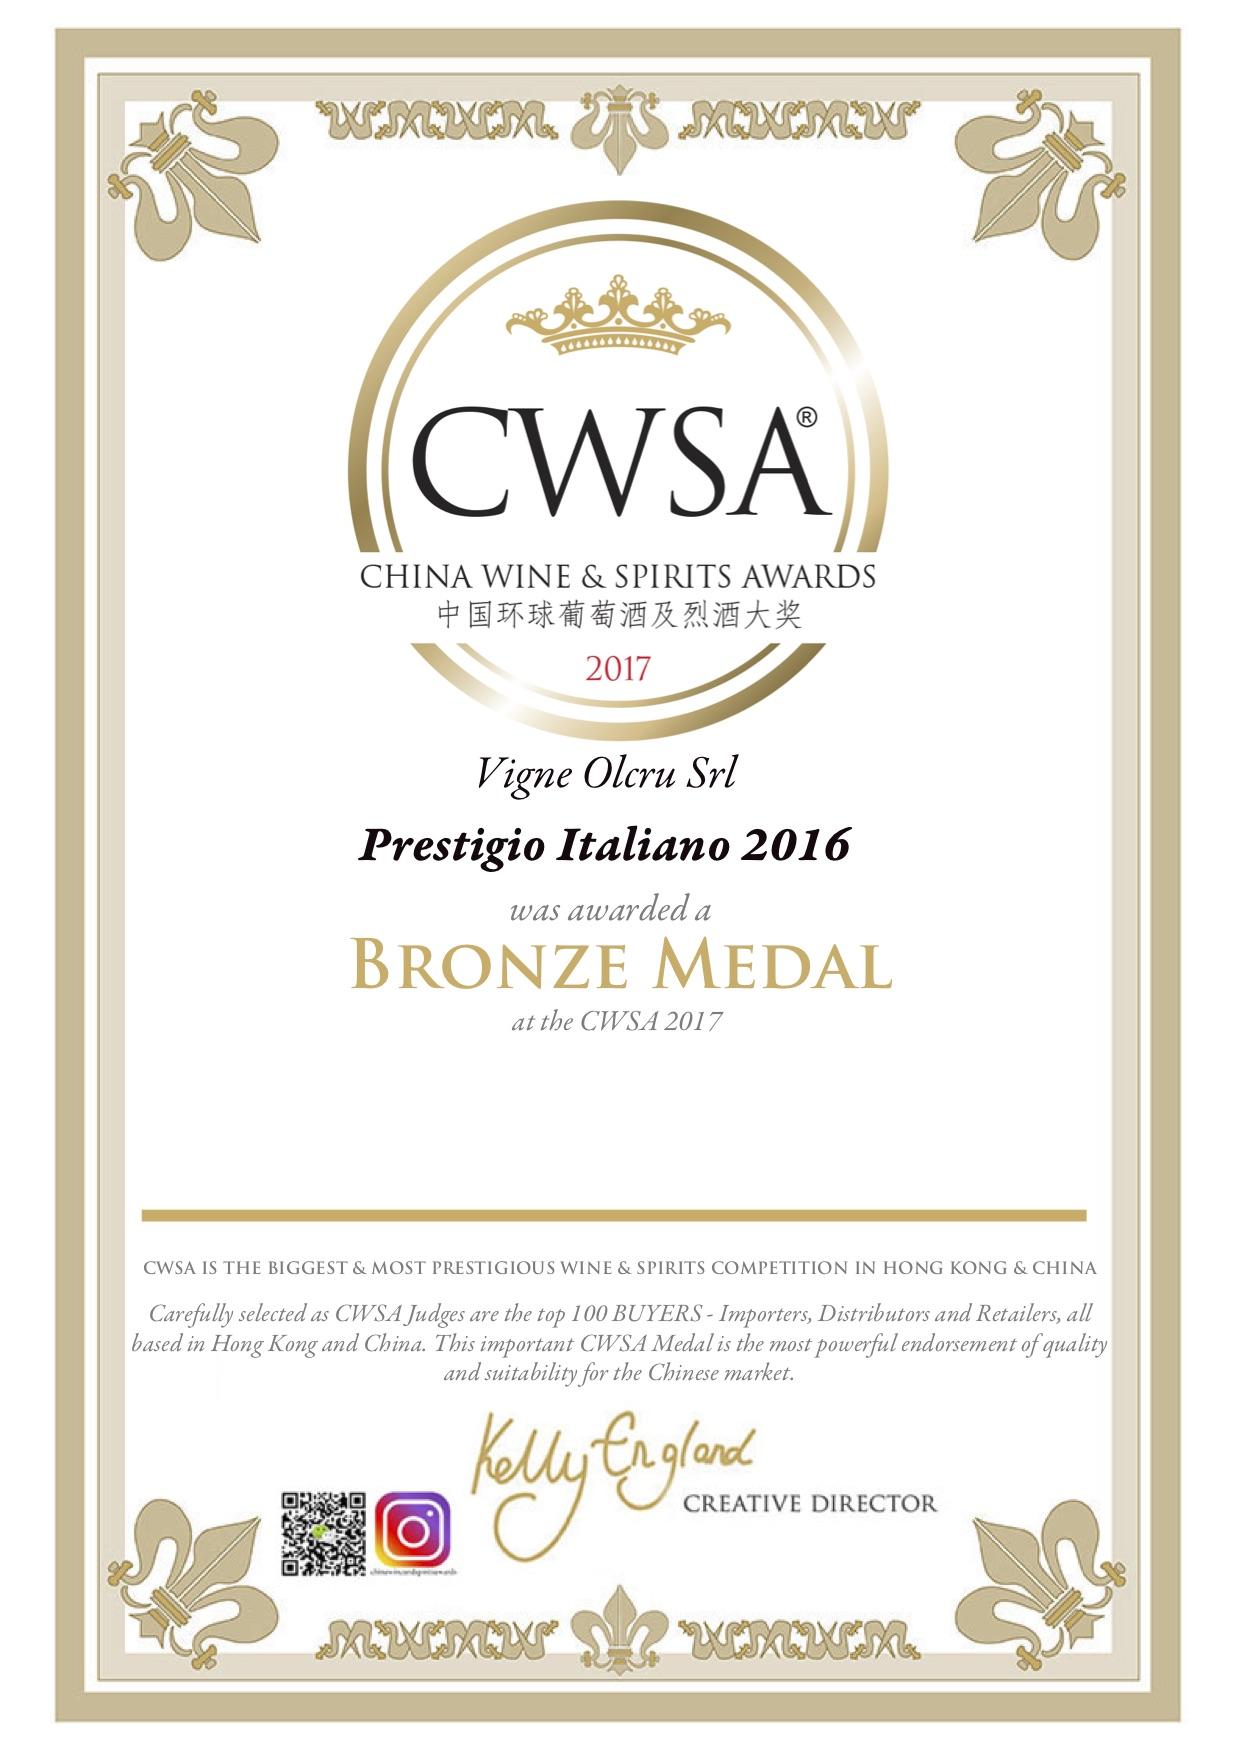 CWSA 2017 – Prestigio Italiano 2016
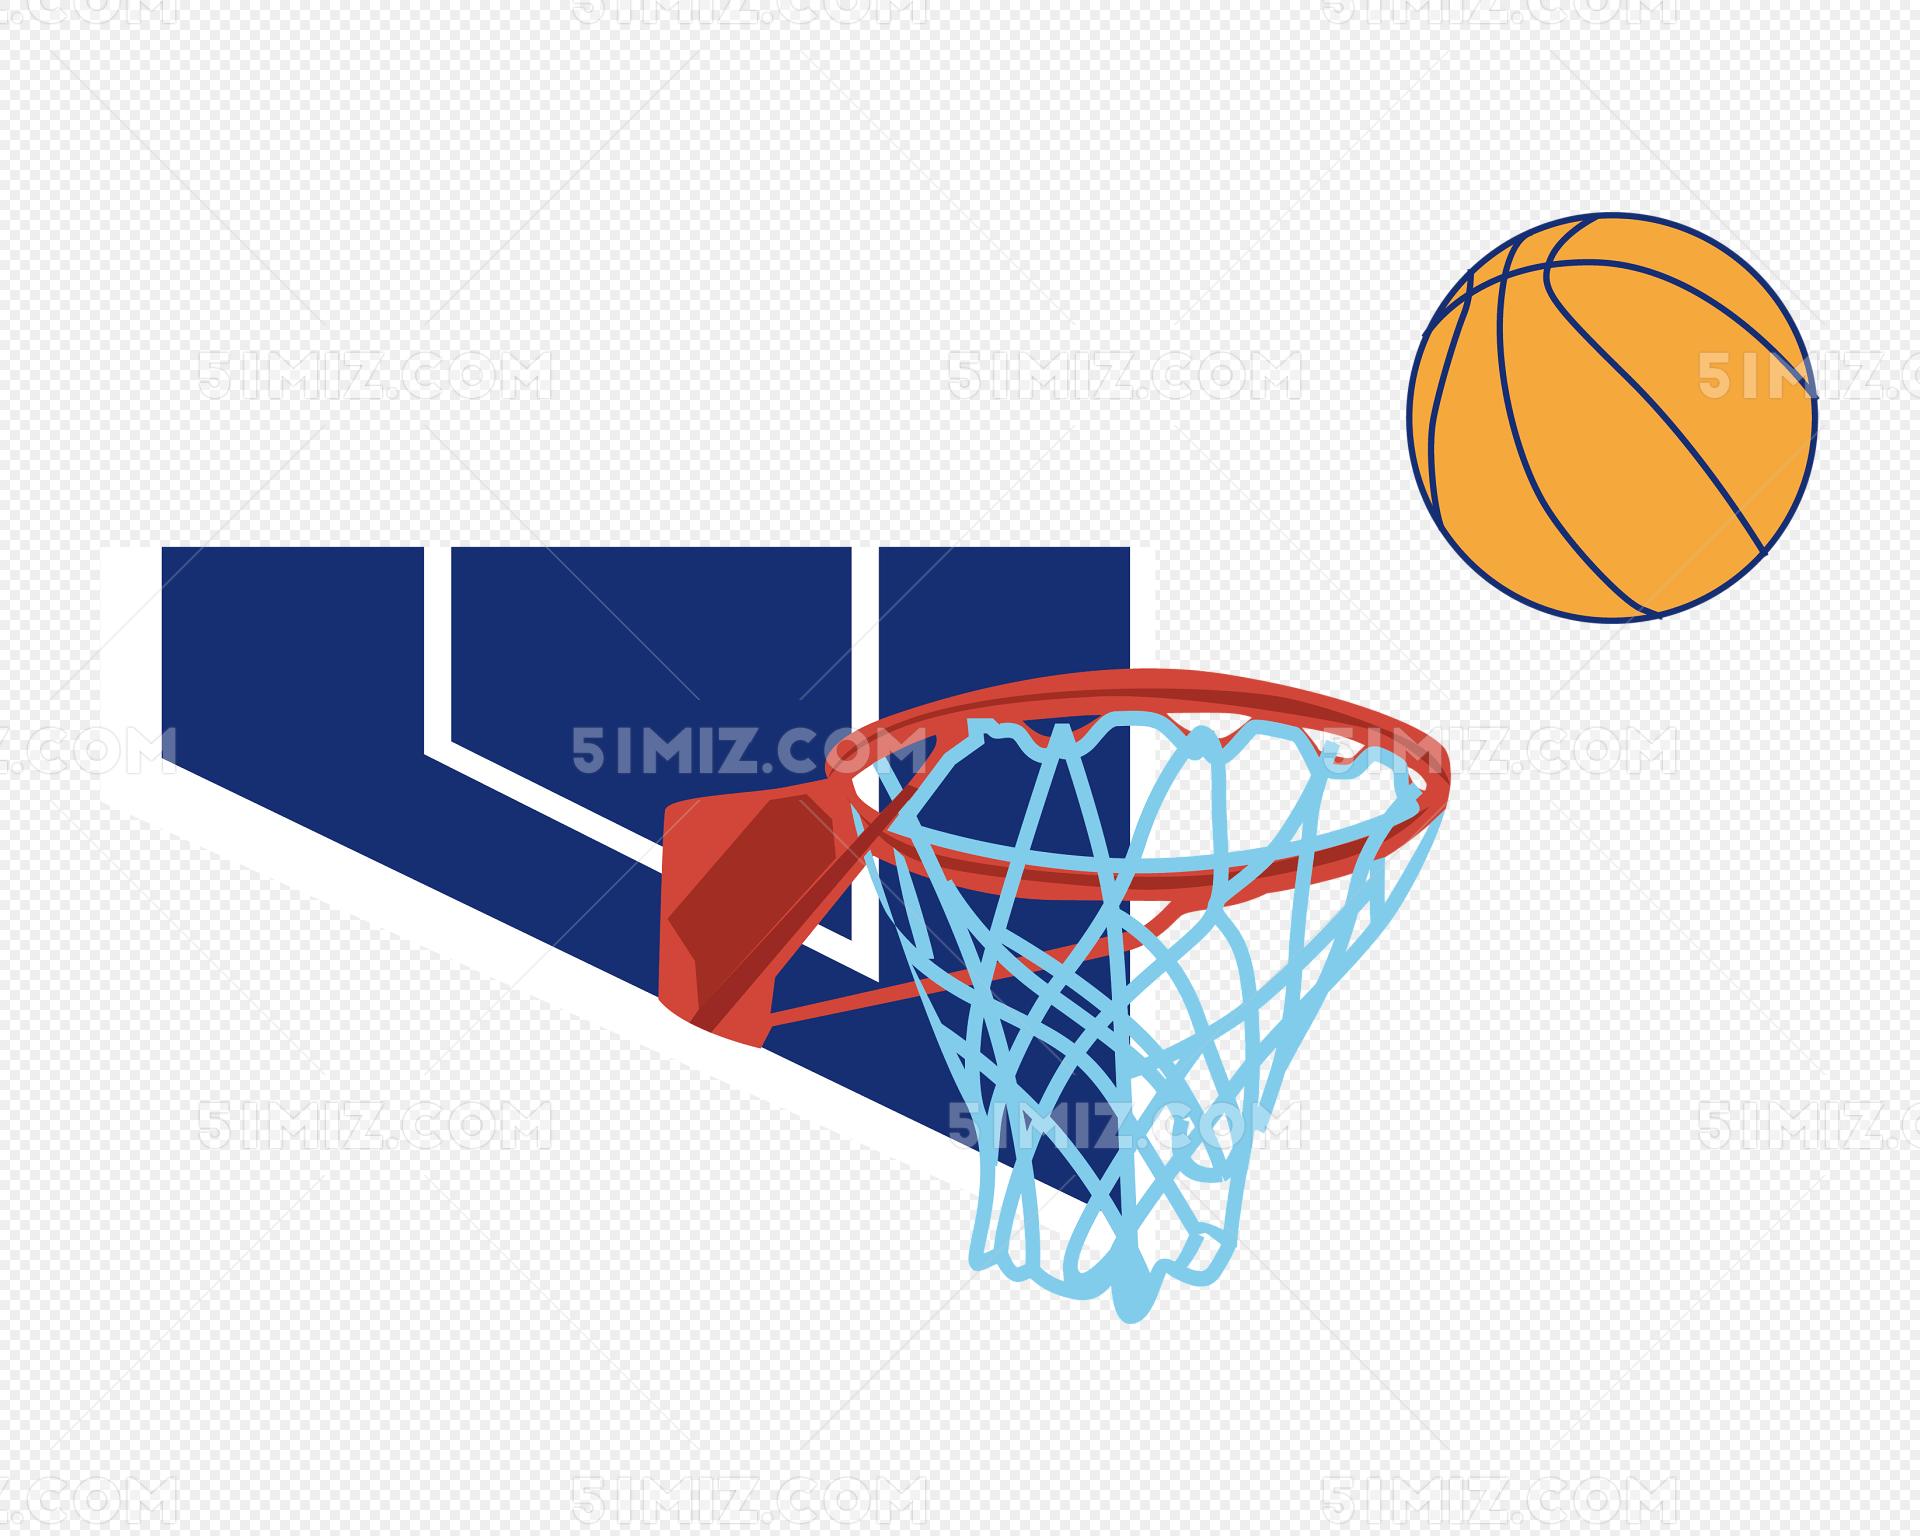 手绘篮球比赛篮板篮筐矢量插图
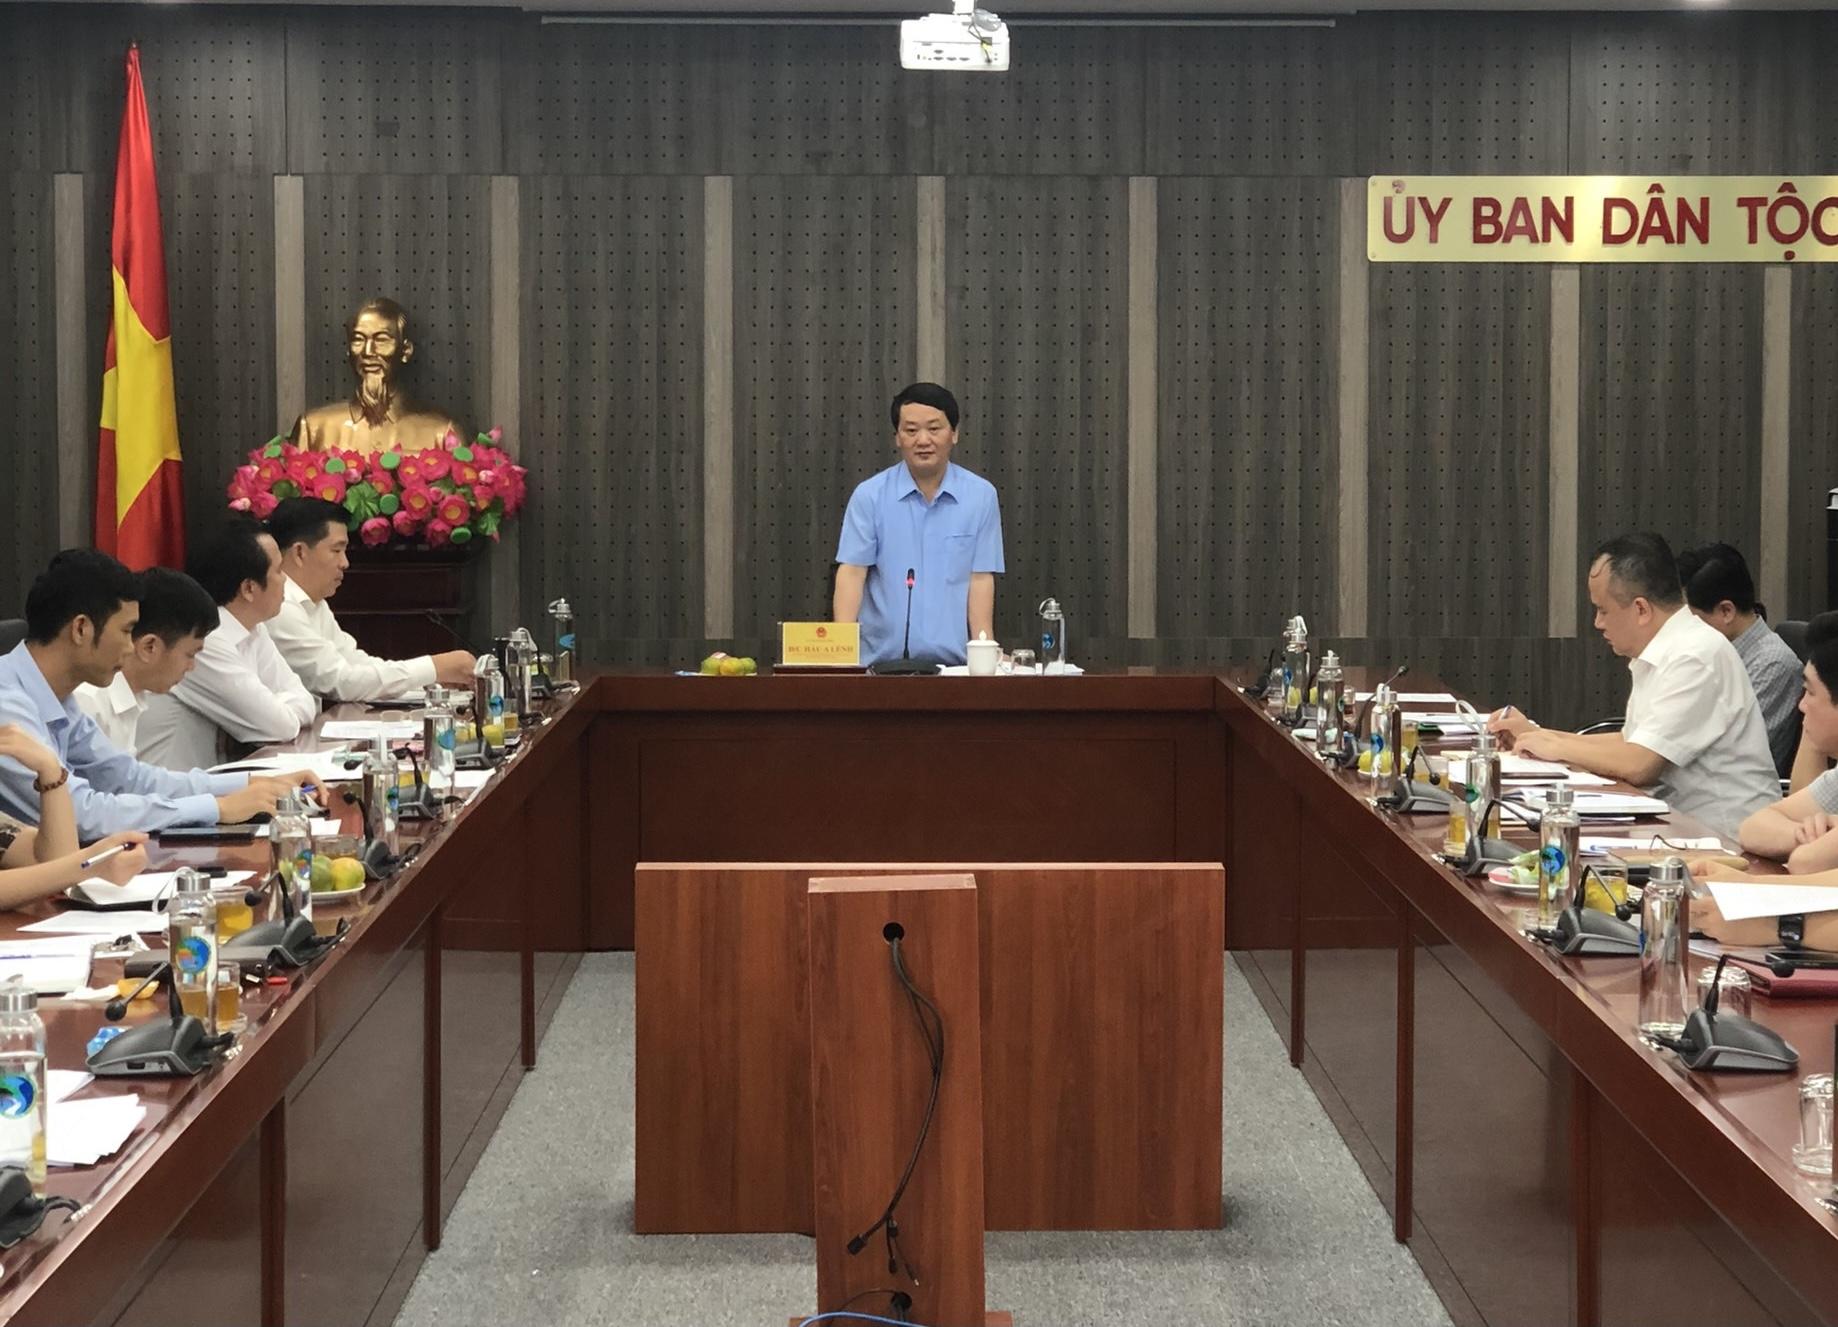 Bộ trưởng, Chủ nhiệm Hầu A Lềnh phát biểu chỉ đạo tại buổi làm việc

• TASK GOAL: Copy out the listing exactly as it stands, but not the pictures.

• FINISHED EXERCISE:
 CWSA 2017 – Prestigio Italiano 2016
 手绘篮球比赛篮板篮筐矢量插图
 Bộ trưởng, Chủ nhiệm Hầu A Lềnh phát biểu chỉ đạo tại buổi làm việc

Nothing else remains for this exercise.